__EXERCISE BRIEF__. Can the lines below, from the one that holds "Pin by matilde" to the very end, be echoed exactly, with both ends included and no pictures?

__INFORMATION SHOWN__.
= = =

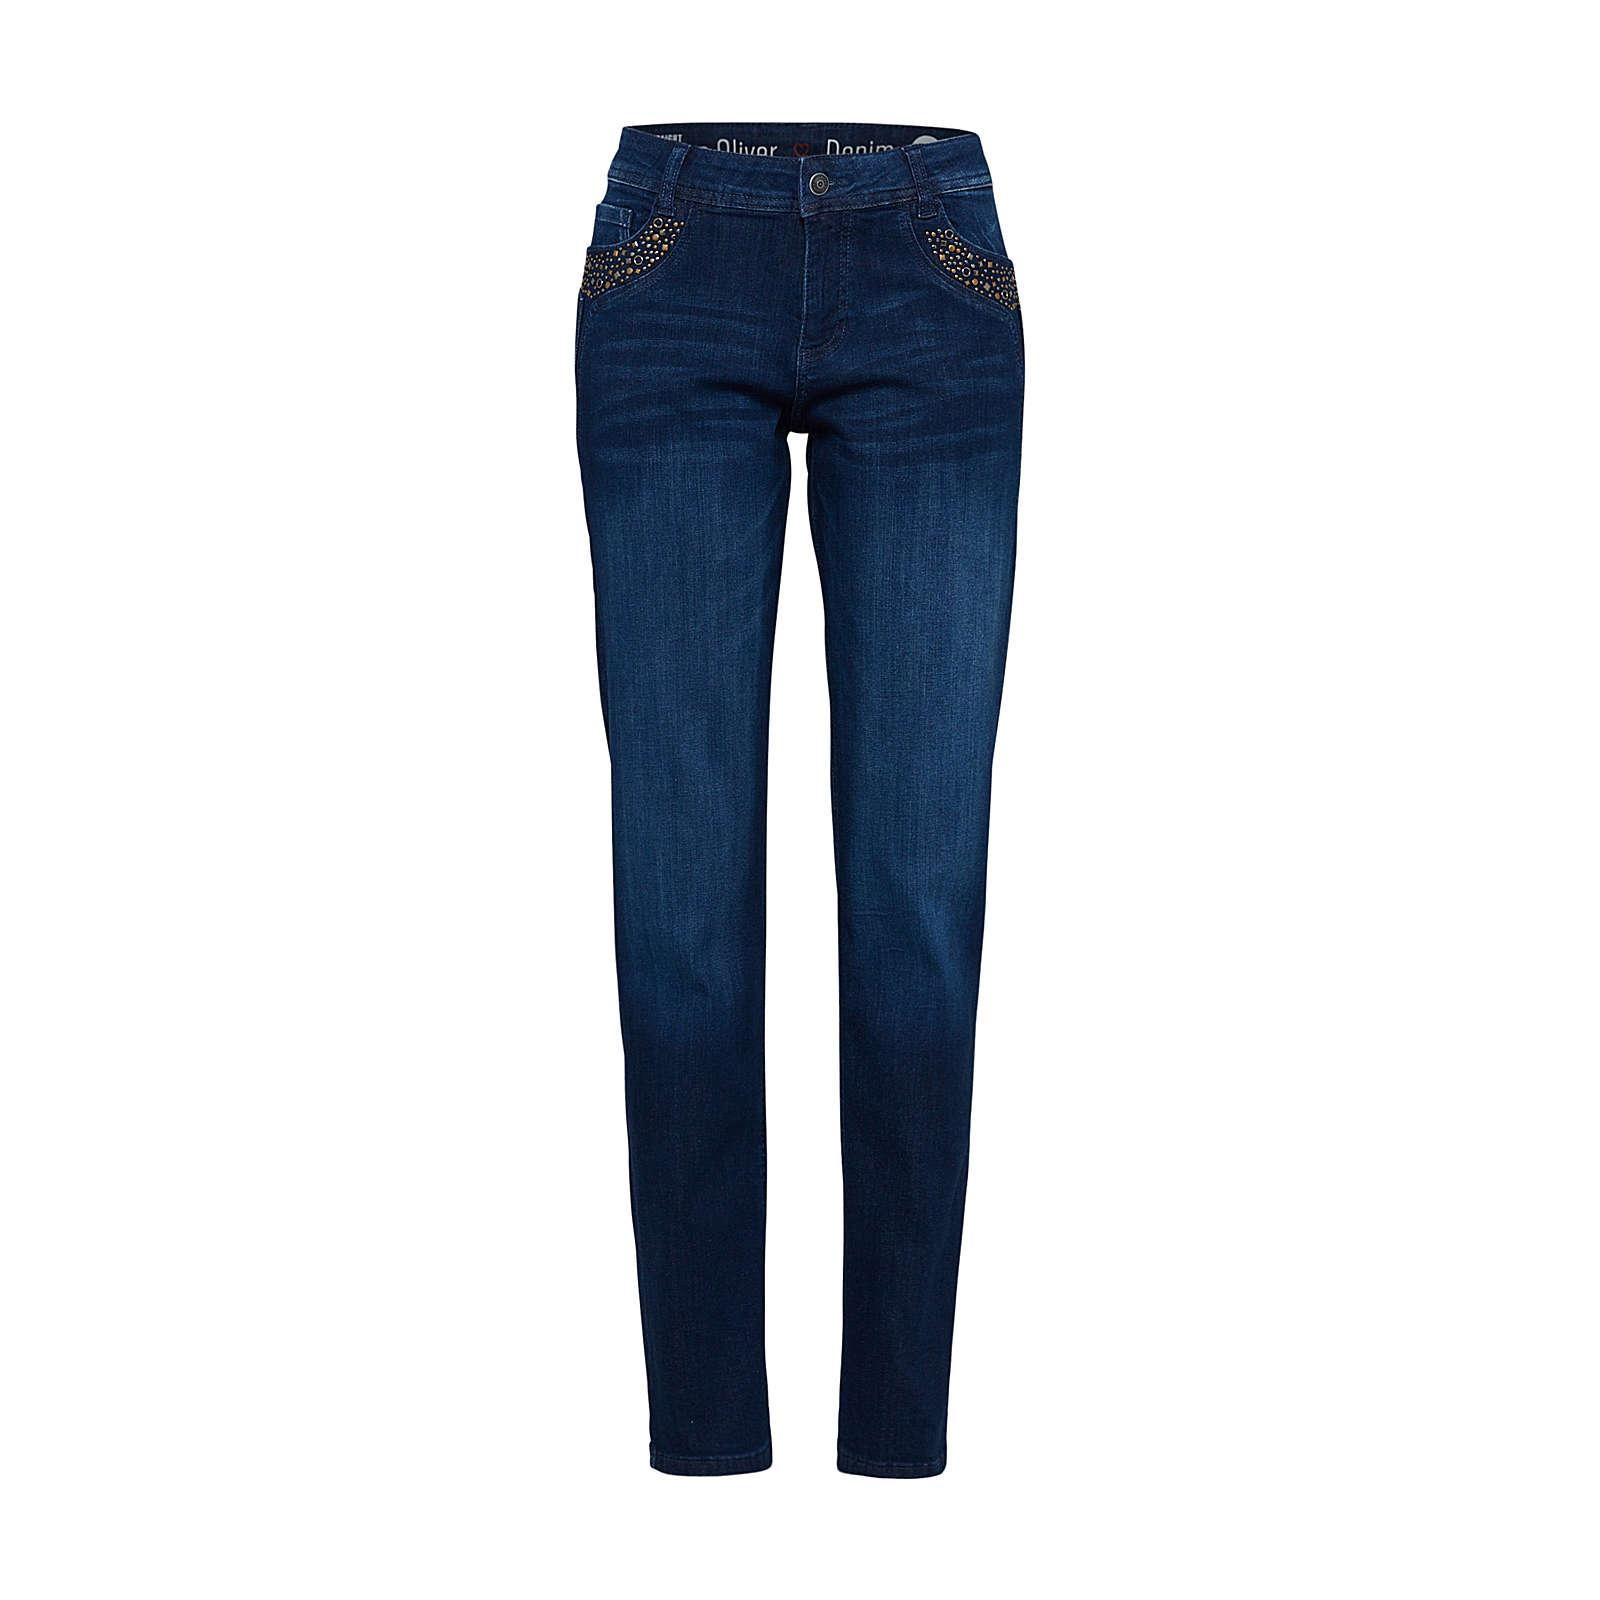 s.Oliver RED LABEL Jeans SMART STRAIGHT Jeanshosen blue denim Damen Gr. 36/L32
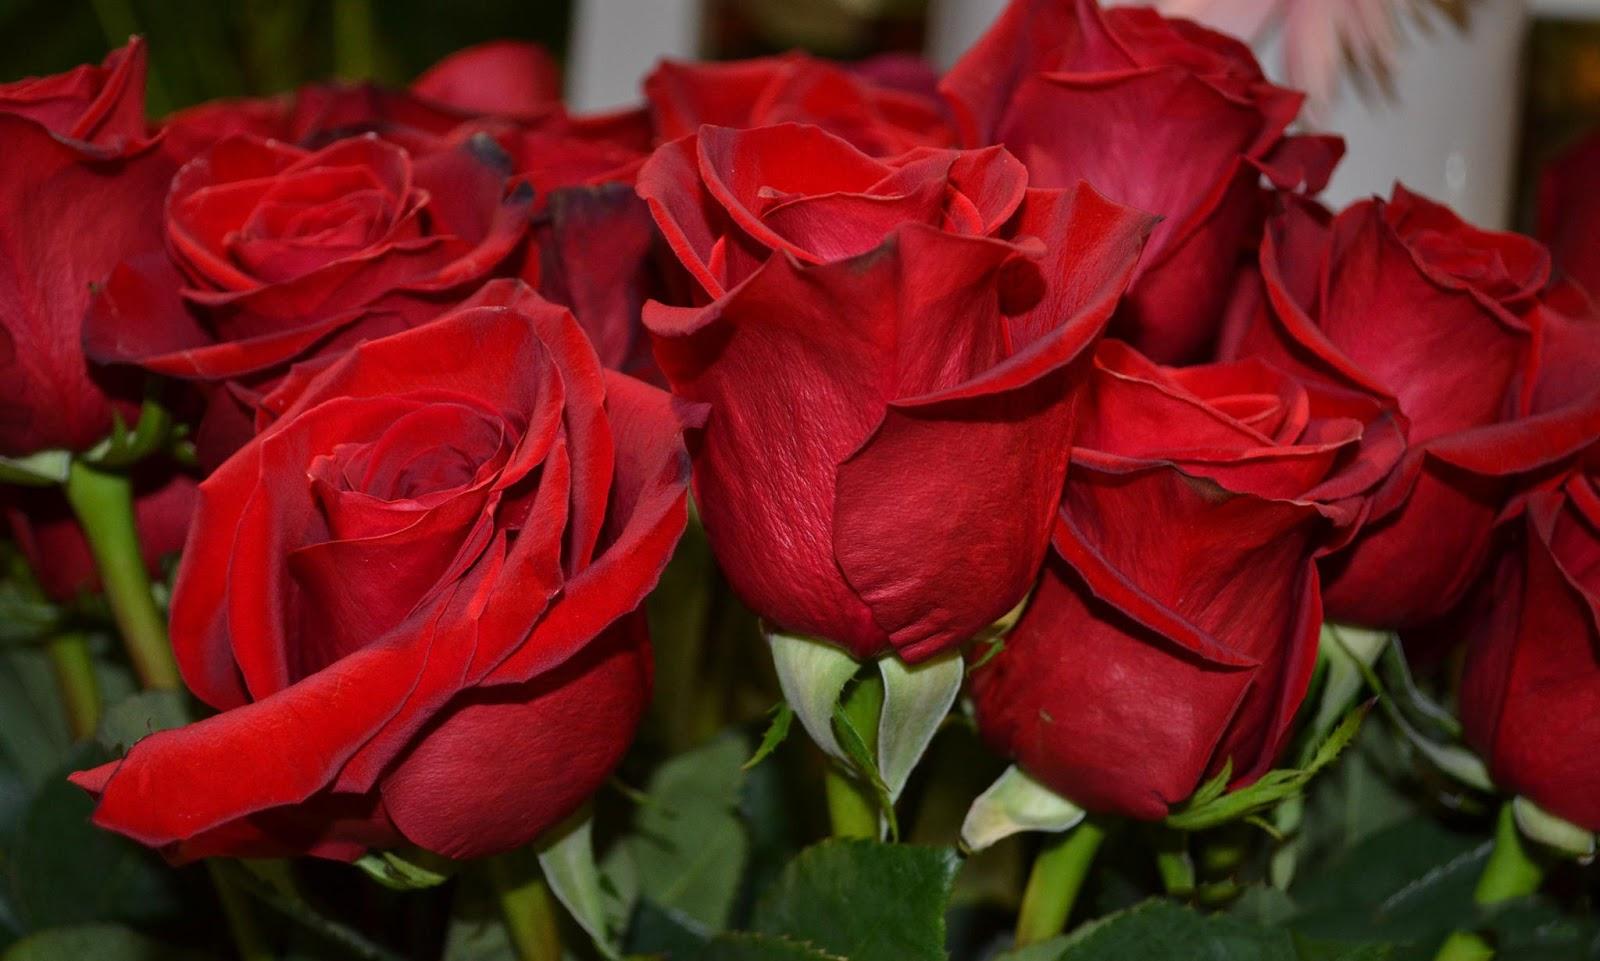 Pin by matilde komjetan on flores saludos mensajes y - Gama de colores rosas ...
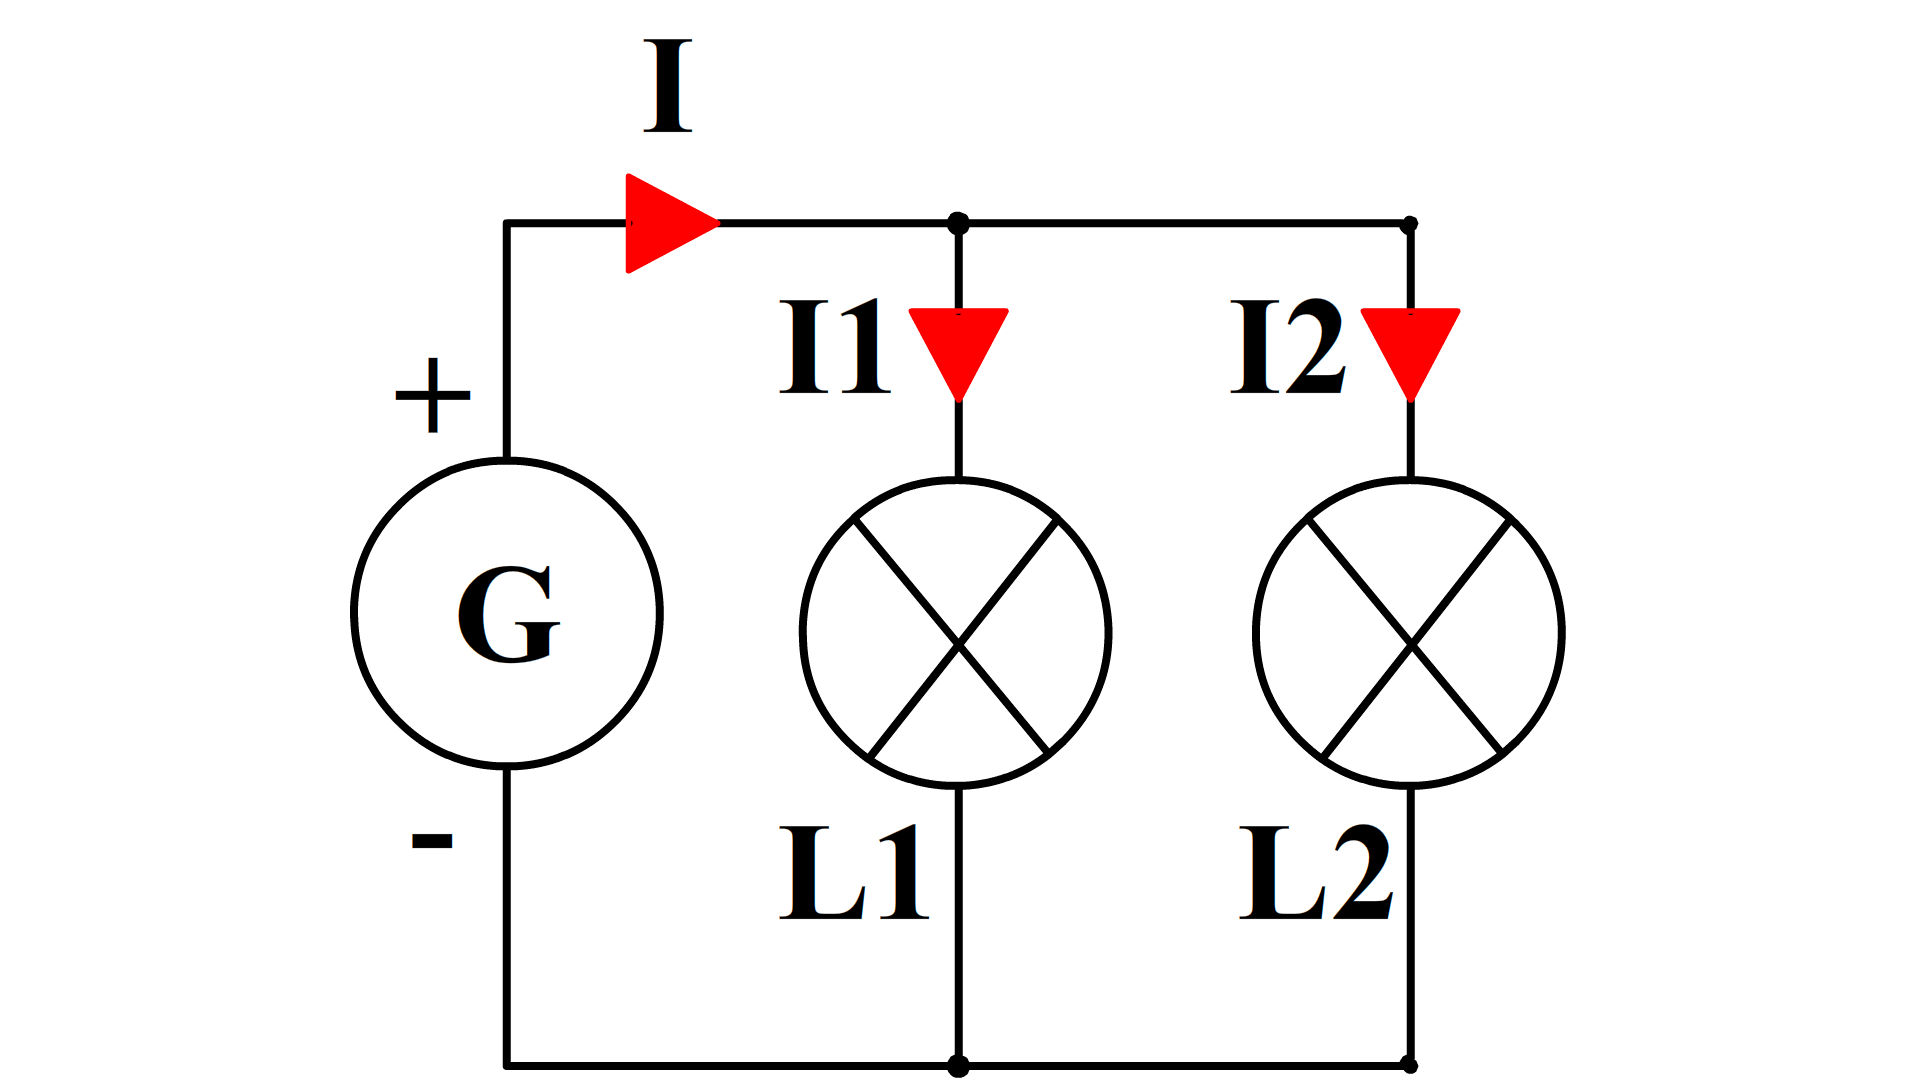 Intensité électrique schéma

= = =

__EXERCISE RESPONSE__.
 Pin by matilde komjetan on flores saludos mensajes y - Gama de colores rosas ...
 Intensité électrique schéma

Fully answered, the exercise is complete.